Today we got a problem with SQL. It’s not the usual SQL injection worries, but more the convenience of building SQL statements containing values, which causes problem.
We see a lot of SQL queries to lookup values, but people love to include the
MBS( "FM.ExecuteFileSQL"; Get(FileName); "SELECT Name FROM Contracts WHERE ID=" & $ID )
Now if ID is a text, but $ID contains the number 1234, this causes an error:
[MBS] ERROR: FQL0018/(1:32): An expression contains incompatible data types.
You would need to use quotes at least:
MBS( "FM.ExecuteFileSQL"; Get(FileName); "SELECT Name FROM Contracts WHERE ID= '" & $ID & "'" )
Although you don’t see the double quotes having single quotes easily here. This may work, until someone includes a single quote in that variable.
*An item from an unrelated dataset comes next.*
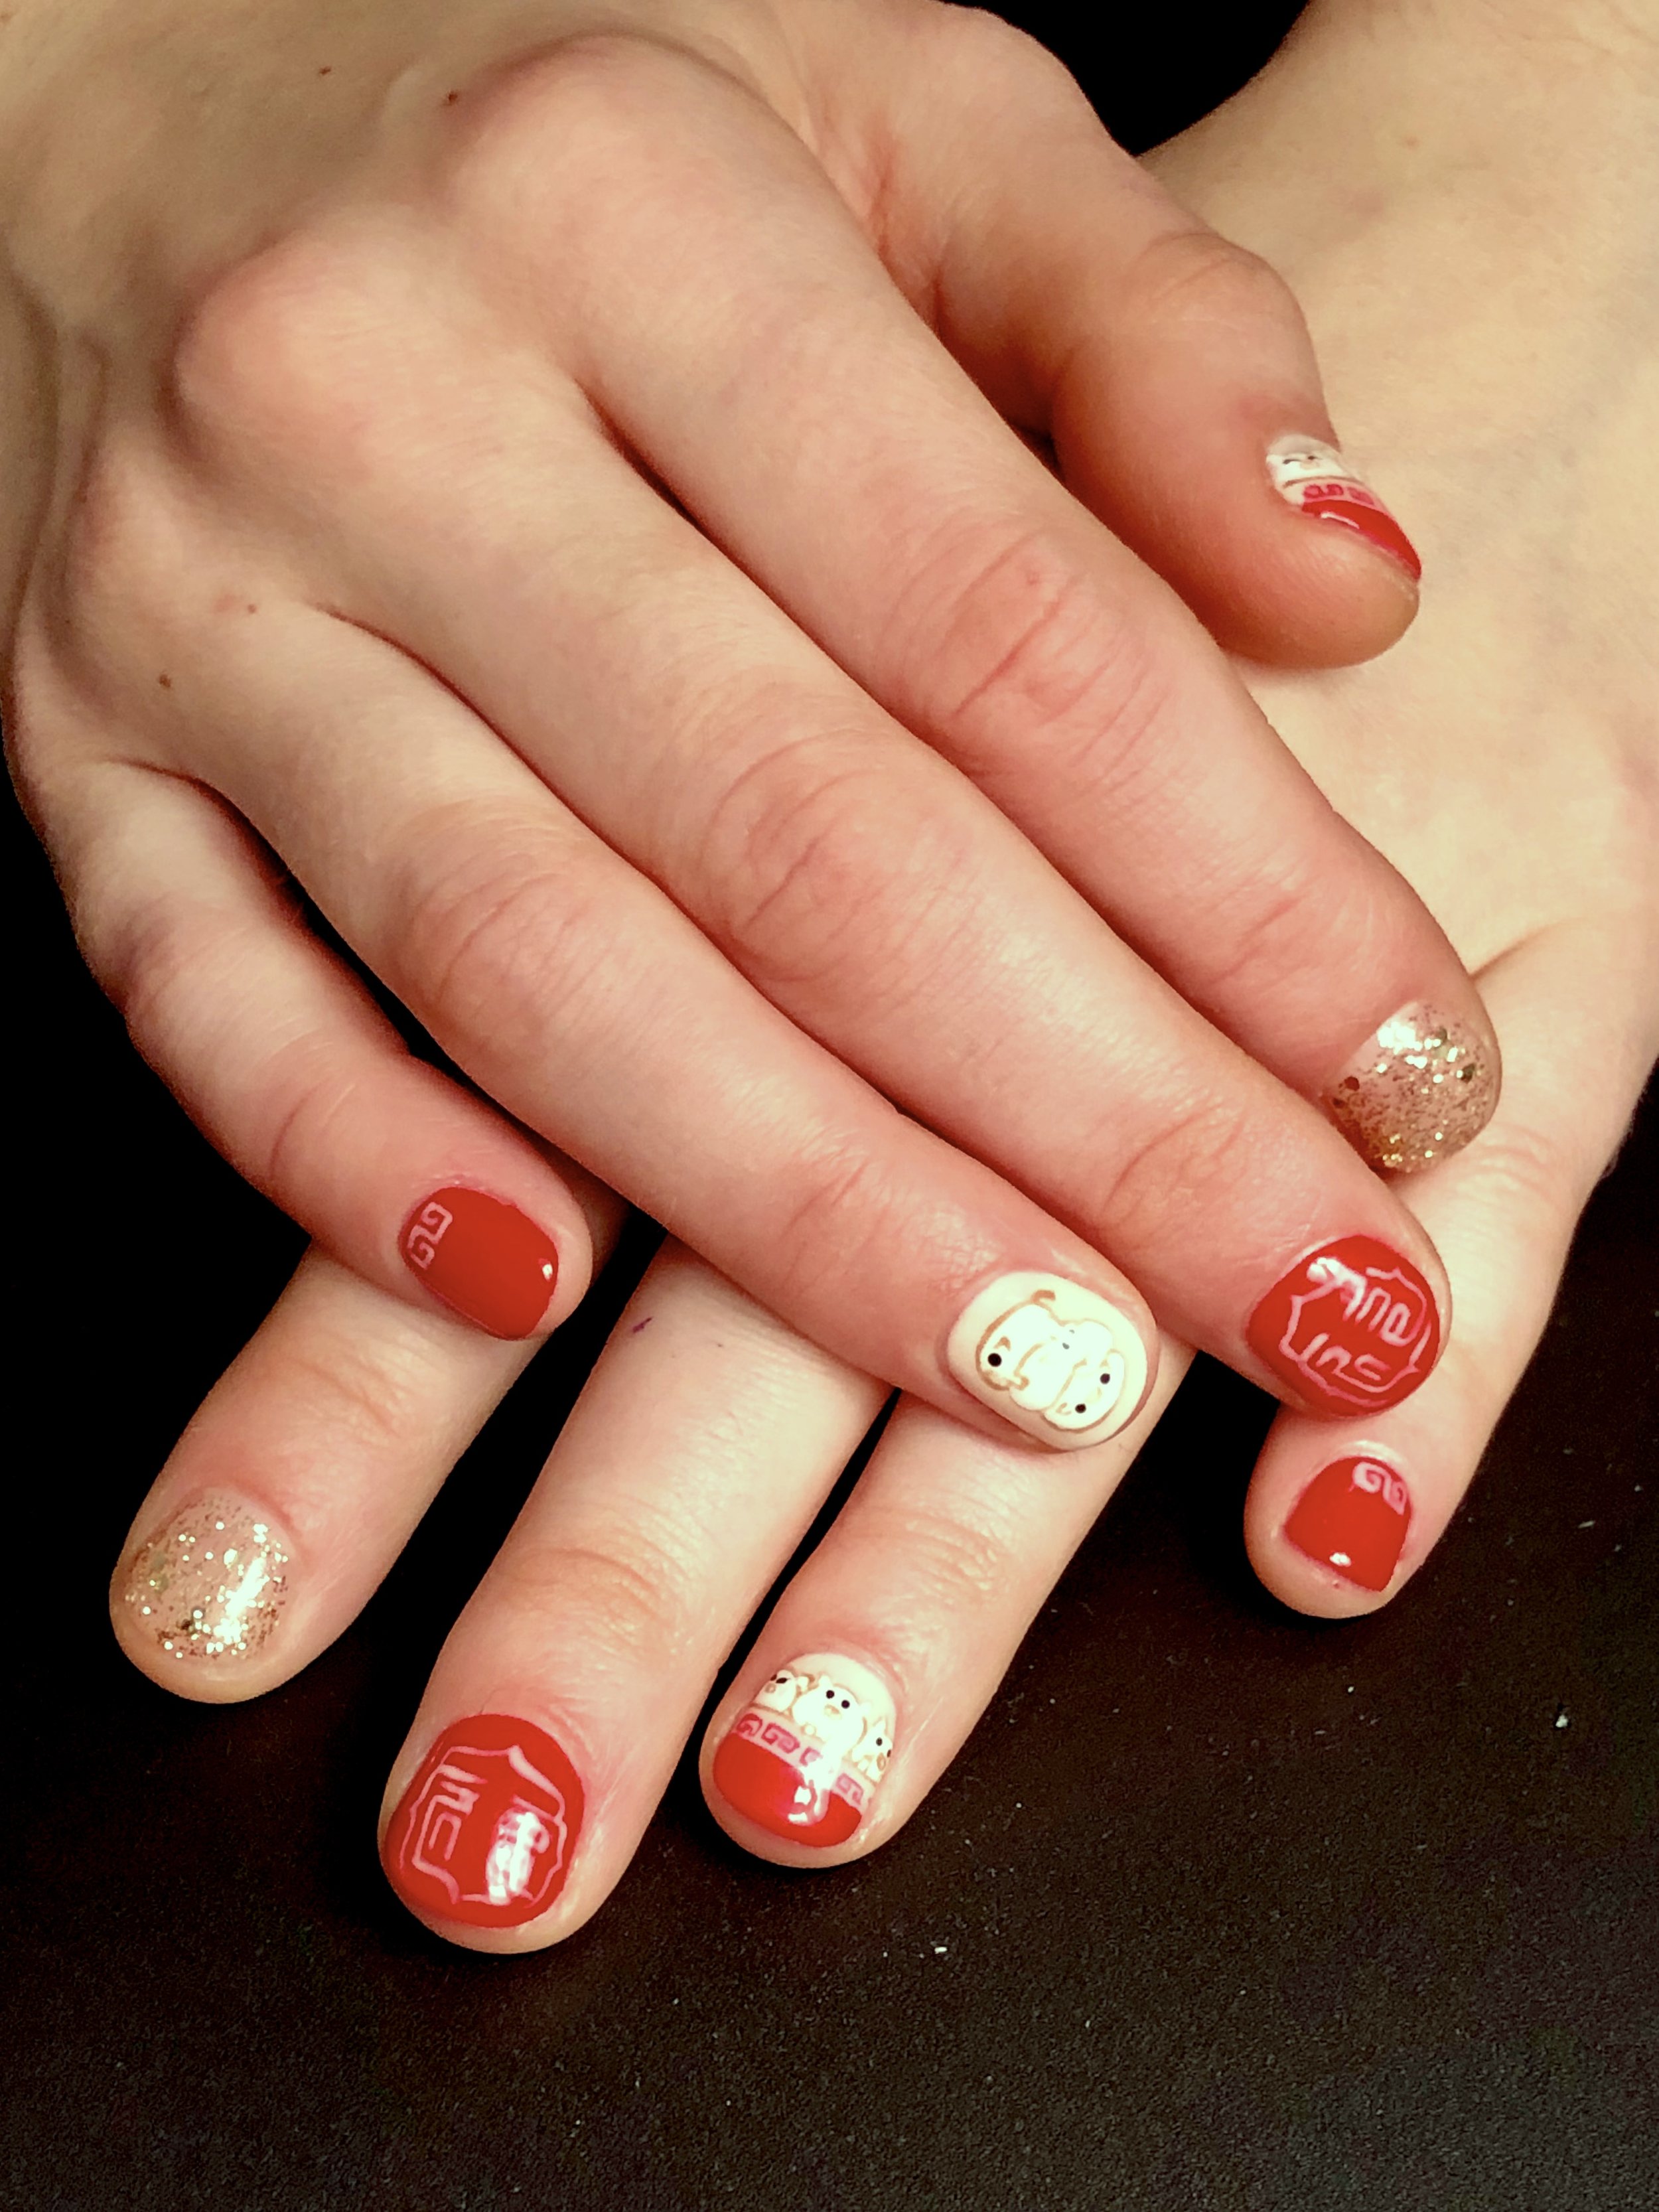 Allee's Nail Art 2
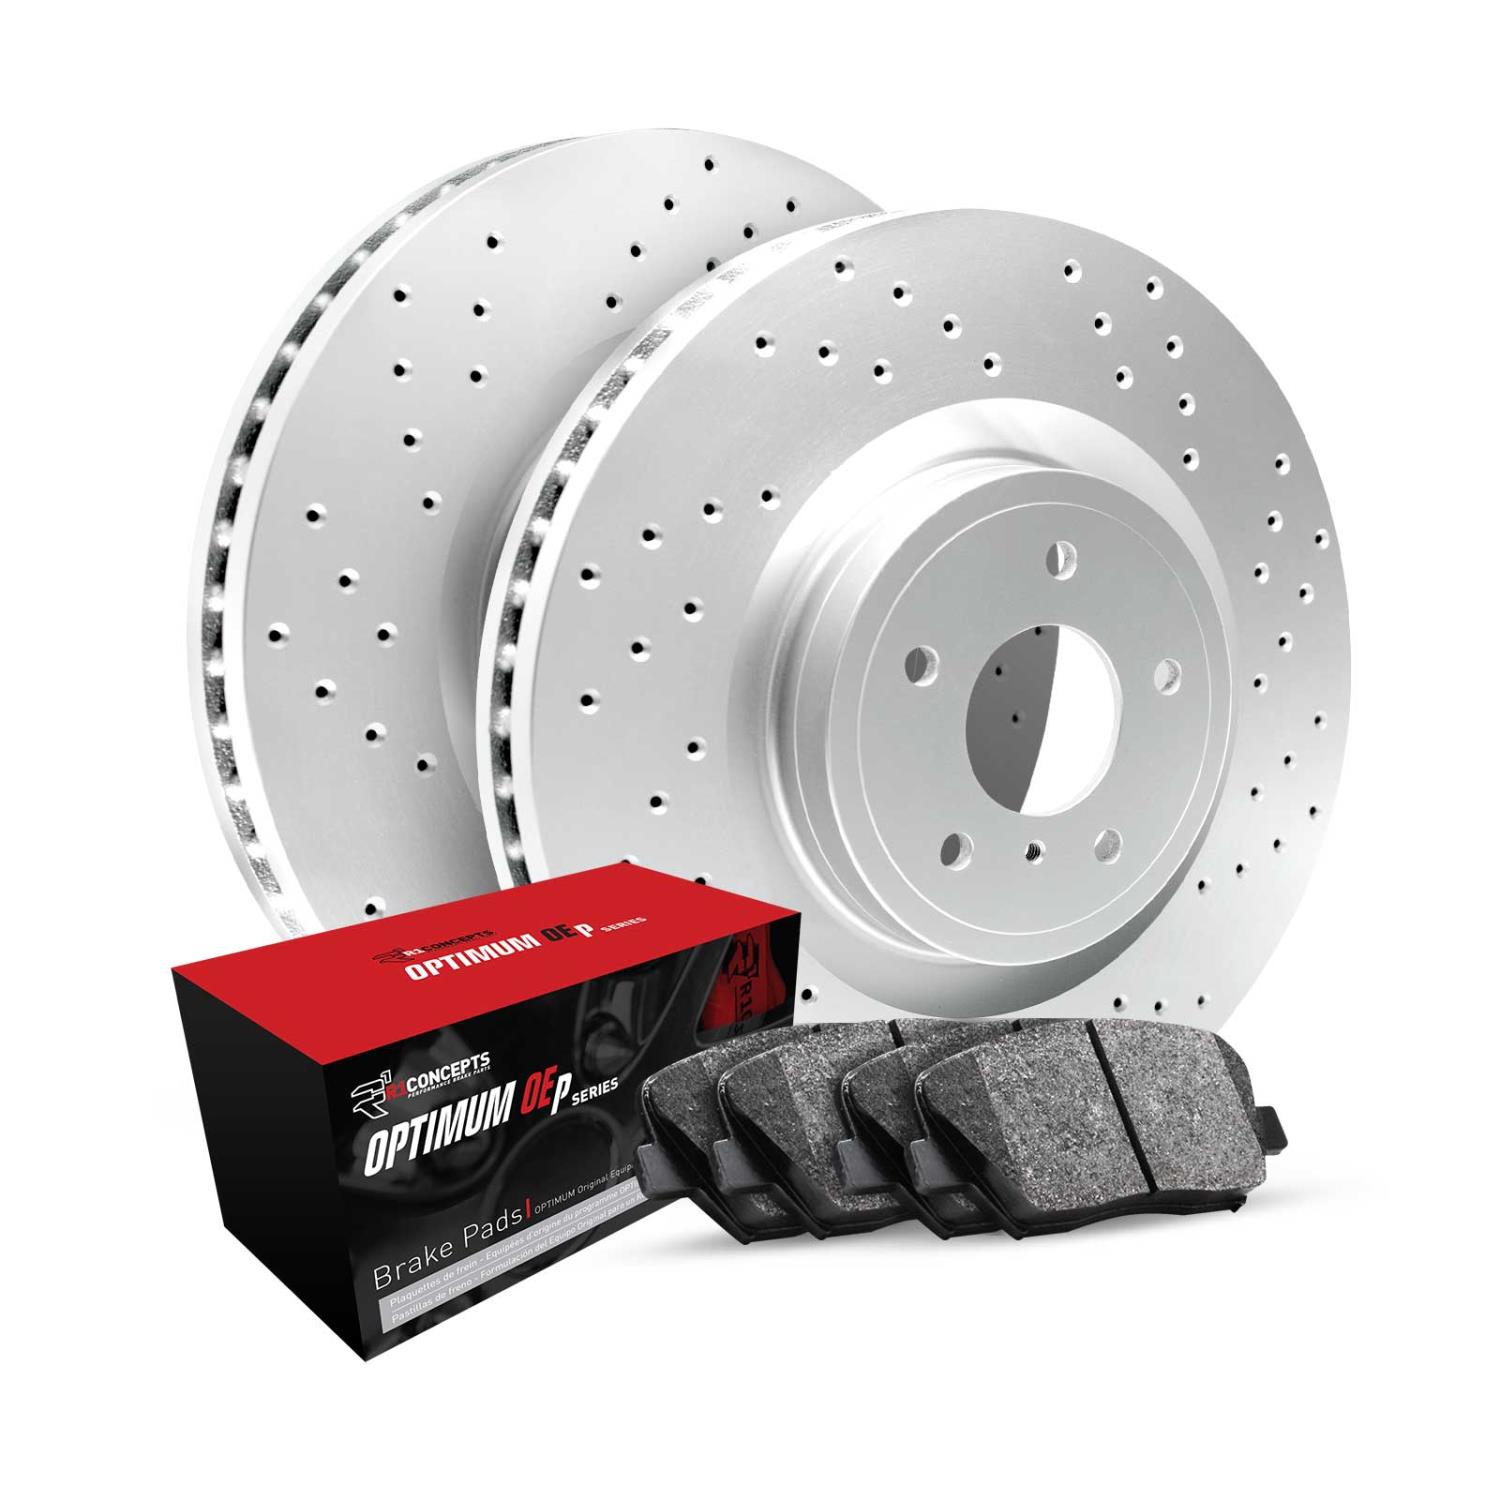 GEO-Carbon Drilled Brake Rotor Set w/Optimum OE Pads, 2000-2012 Fits Multiple Makes/Models, Position: Front

When you use parameters in the query, you can avoid this:
MBS( "FM.ExecuteFileSQL"; Get(FileName); "SELECT Name FROM Contracts WHERE ID = ?"; 9; 13; $ID )
You can pass parameter as text or number even if it does not the match the field type. FileMaker will converted the data type automatically to match.
Next, lets assume you have a variable containing a number and you make a query
Set Variable [ $x ; Value: 123.45 ]
Show Custom Dialog [ MBS( "FM.ExecuteFileSQL"; Get(FillName); "SELECT Name, Price FROM Items WHERE Price= " & $x; 9; 13 ) ]
If $x is a number, it will be converted by FileMake to a text. Or it is a text already with some user entered number. Now if the field is empty, you get a syntax error, because your SQL ends in a = character. But you may have noted that the number is passed directly here without parameter. So a German user typing "123,45" with comma as decimal separator will cause a SQL error. SQL always uses dot as decimal separator, so the query fails in Germany with comma, but works in USA.
Show Custom Dialog [ MBS( "FM.ExecuteFileSQL"; Get(FillName); "SELECT Name, Price FROM Items WHERE Price = ?"; 9; 13; $x ) ]
Using parameters helps you to avoid problems here and this works for any locale. If needed, you can use GetAsNumber() to explicit convert text to number and use localized decimal separators to get a numeric value.
So please use parameters for SQL statements.